Un messaggio cui Orlando replica lasciando trapelare sull’Ansa il commento scambiato con i suoi: “Lotti attacca me per mandare un messaggio ai renziani in fuga“. Chi sono i renziani in fuga? Quelli che, secondo diverse voci provenienti sia da destra che da sinistra, starebbero trattando con Forza Italia l’appoggio a un costituendo governo di centrodestra. Il ministro e leader della minoranza Pd ricorda tra l’altro agli interlocutori di aver dato a suo tempo la disponibilità a candidarsi in un collegio uninominale ovunque, anche periferico, e di aver scoperto solo la notte della formazione delle liste che gli era stata assegnata una candidatura in un collegio plurinominale.
Continuano, intanto, i contatti tra parti del Pd e i 5 Stelle. Come raccontato da ilfattoquotidiano.it, i contatti tra esponenti M5s e del Pd sono già in corso, con i quotidiani che in giornata hanno anche iniziato a far circolare i primi nomi di possibili ministri in quota Pd in un ipotetico governo 5 Stelle (uno su tutti: Marco Minniti) e di altre eventuali concessioni di Di Maio nelle maglie di una trattativa (La Stampa parla della nomina di membri del Consiglio superiore della magistratura).

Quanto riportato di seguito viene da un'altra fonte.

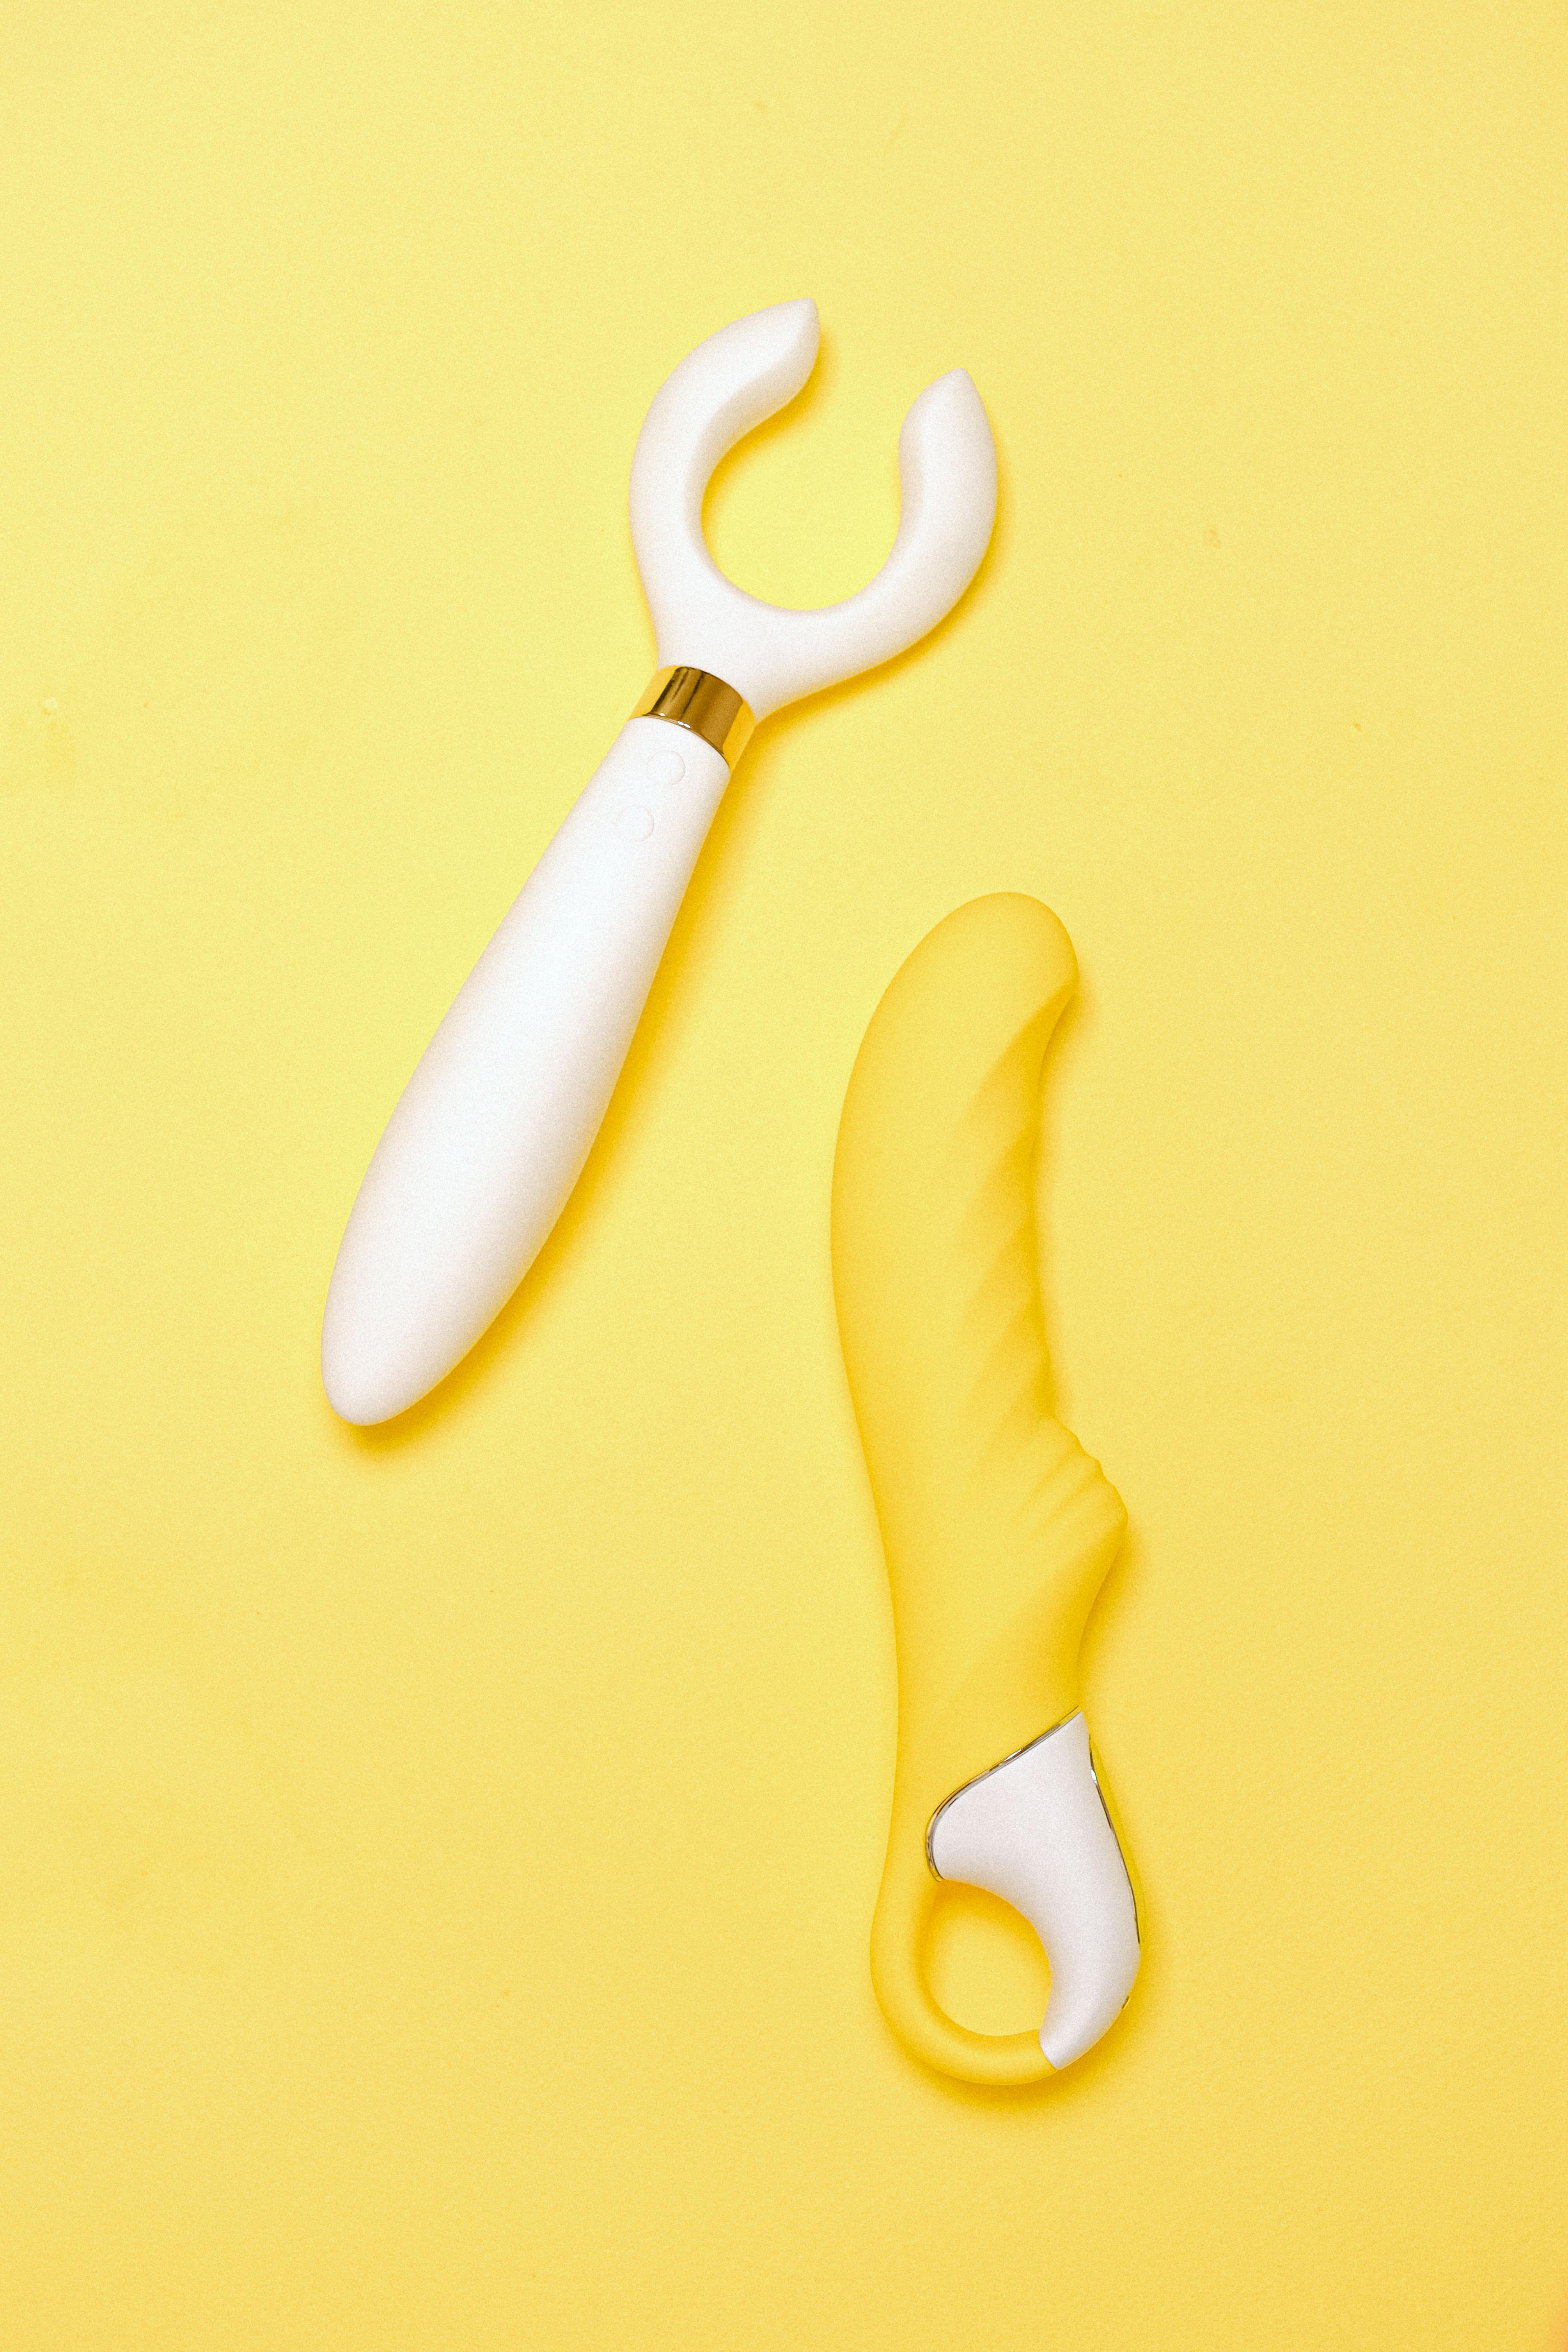 sex toys on a yellow background

Manovre a cui, però, Andrea Orlando non crede. “Si prova a parlare di questo per evitare una discussione su un risultato che è stato drammatico – spiega il ministro della Giustizia a Radio Capital – È come buttare la palla il tribuna”.
Pur non considerando i Cinque Stelle “il diavolo”, sottolinea Orlando, hanno “preso qualche qualche milione di voti nostri, ovvero di persone che votavano a sinistra, e non li regalerei al diavolo”. Il problema “sta nelle differenze politiche programmatiche con loro”, sostiene il leader della minoranza Pd, più che negli insulti degli scorsi anni perché “anche quando fu fatto l’accordo col centrodestra non venivamo da uno scambio di cortesie in campagna elettorale”.
E se Sergio Mattarella facesse capire che vede intesa Pd-M5S? “Quello che dice il capo dello Stato non può essere ignorato ma io non vedo le condizioni politiche programmatiche, non dobbiamo dirgli di ‘no’ ma spiegargli perché questo percorso è di difficile percorribilità, io credo di impossibile percorribilità“, spiega ribadendo la linea assunta mercoledì. “Noi – ha proseguito – avremmo difficoltà a spiegare perché fare accordo con una forza mantiene dei tratti forcaioli, anti-europei con una politica economica incomprensibile e demagogica. Ho visto che Scalfari ha cambiato frettolosamente posizione, se i Cinque stelle diventeranno altro dialogheremo con altro ma i cambiamenti non si fanno con un tweet, sono cose profonde, necessitano discussione”.
Una tema, quello della formazione del governo, che bisogna scindere dal nuovo assetto istituzionale che il Parlamento è chiamato a stabilire dal prossimo 23 marzo con l’elezione dei presidenti di Camera e Senato: “Evitiamo assi privilegiati con i Cinque stelle e anche col centrodestra, si tratta di costruire, come in qualunque sistema proporzionale, una intesa ampia che coinvolga tutte le forze politiche e che dia a Camera e Senato presidenti che siano in grado di garantire tutti. Distinguiamo la questione istituzionale da quella della definizione degli assetti di governo”.